Robert Simmon is a data visualizer for NASA, so his primary output of work is within the Earth and natural sciences. In this series of essays, he writes about color theory and the various considerations one must make before beginning to visualize data. The first thing he did was introduce us to the origin of the use of color to visualize data which gives us an interesting link to his work and the early cartographers who pioneered the effective use of color in data representation. This makes sense. Cartographers have the privilege of having a large canvass to display a wide variety of data that could also include a naturally occurring diversity in color(s) that could simultaneously be universally understood: hot is red like fire, water is blue and refreshing, land is green if there is vegetation or various shades of brown if it’s arid land mass, and white and light blues for snowy tundras, etc.

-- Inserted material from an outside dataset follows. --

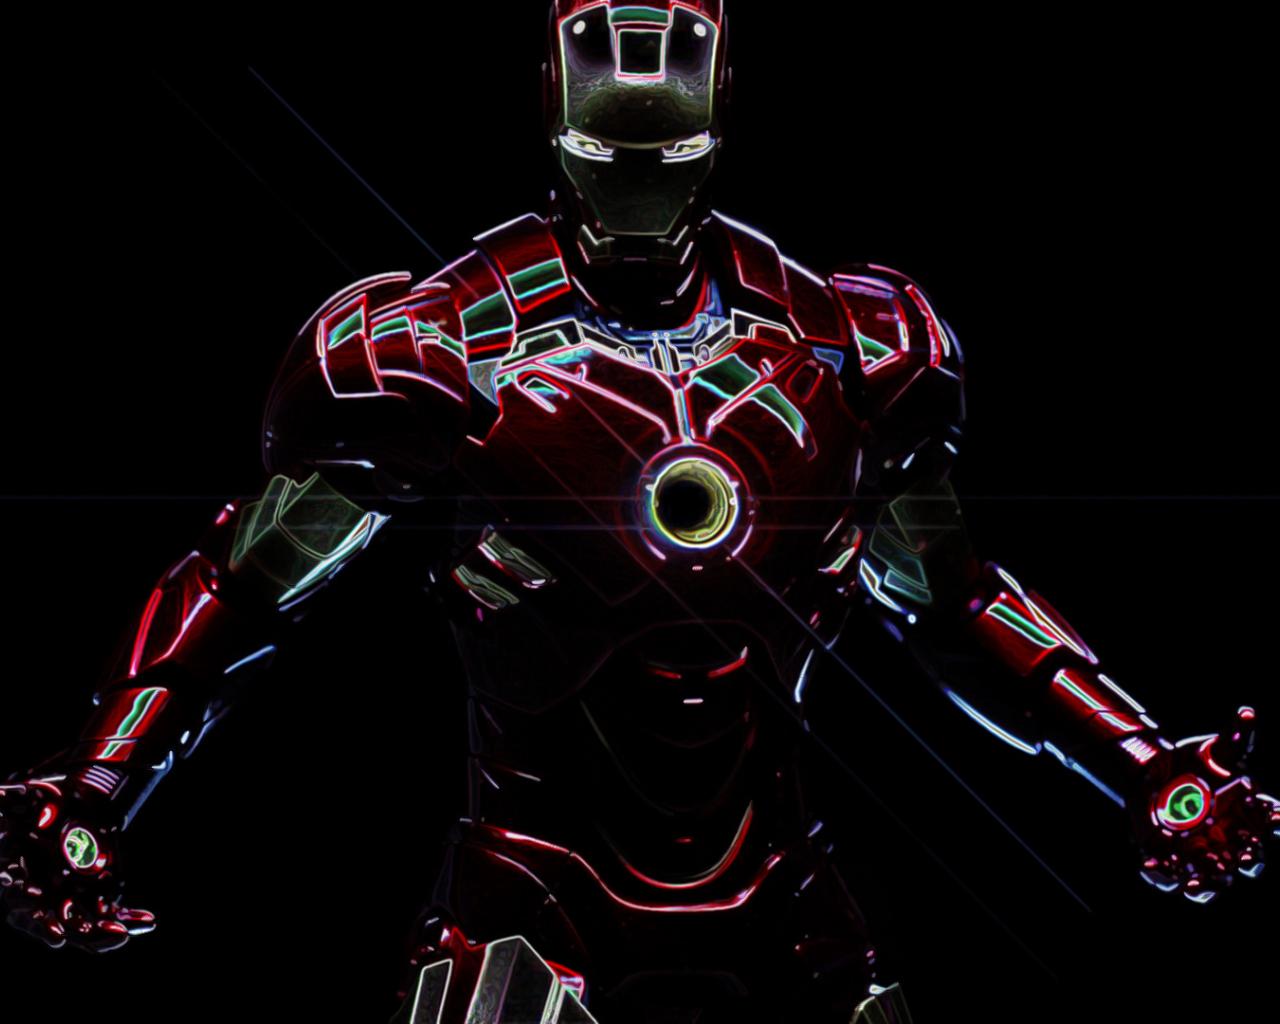 Iron Man Hd Wallpaper 1080p 142 iron man hd wallpapers backgrounds

In thinking about this author’s perspective, it takes me back to a moment in Kieran Healy’s article “What Makes bad Figures Bad” where he says this about the one of the common problems that plague the field of data visualization; “Some [problems] are strictly aesthetic. The graph we are looking at is in some way tacky, tasteless, or a hodgepodge of ugly or inconsistent design choices”. At first I balked at that assertion. As someone who tends to root for the underdog, I am naturally inclined to defend those who may not care about aesthetics. And hey, as long as the data is real and true, why should it matter what it looks like? I found myself trying to avoid getting caught up in conforming to beauty standards, but this is not up for debate. In data, aesthetics matter and should not be considered disposable.
There are many things that one must consider prior to picking the palette that will represent the data that you want to visualize. You have to consider the data itself, the audience that you are targeting or representing, the viewers genetics (e.g. color blindness), the cultural and subcultural references, personal taste, as well as the story that emerges from the data. There are three primary types of data and he goes on to provide reasoning for why color matters. First we must cover the three primary data types that he describes in this article: sequential, divergent, and qualitative.
Sequential Data - This is data that continuously varies from a high or low value over time, like income, temperature, and music etc. For this type of data, he recommends a palette that varies evenly from light to dark, or dark to light, and requires a simultaneous change in hue and saturation.
Finding a good real life example through a casual search was surprisingly hard. In the example below, they attempt to look back in time to predict the future of Australia's and our planet’s climate for the next 40 years. In fact it’s unclear to me if this can even count as sequential data. Thoughts?
Divergent Data - This is data that has what he calls a “break point” in the center which signifies a (what I assume to be) a sharp difference, like population change, a departure from the average temperature, or even an electric charge! (I’m not entirely sure how one would visualize this or what kind of data this would show, but now I’m curious). In other words, it shows a departure from the norm. In this case, a palette that has two different hues that vary from a central neutral color.
It was initially difficult for me to imagine how this type of coloration would play out in a visualization, so I looked for examples, and this stacked bar chart is a great tool to use in this manner.
Qualitative Data - This data type requires that the information be broken down into discrete classes or categories, which can then have color applied to them. In this case, the use of “intuitive colors” are probably best suited for this data, as qualitative data includes the personal accounts of people so applying colors to various categories and sub-categories should without question, be inclusive of the people/population being observed. It is advisable not to use more that 12 colors but in the case where there are more than 12 categories, it makes sense to group related data with related colors - like one big happy family!
Fantastic example of how to use color to visualize qualitative data in this multivariate graphic that details the history of Nobel prize winners between 1901 - 2012.
And check out this visualization of Crayola’s crayon colors from 1903 through 2010!
Oddly left untouched in his essay. Perhaps it's unimportant in the grand scheme of things?
The relationship between the light humans beings see and the colors we perceive is complex. To this end, it is always important to consider color blindness in your designs.
And last but certainly not least, Just Say No to these tired old palettes!
The grayscale & rainbow palettes we all grew up with have limited color ranges because computers process color in RGB, so when they are used to represent data, it becomes very easy to obscure data or even mislead people. It is our job to “illuminate data”, not hide it.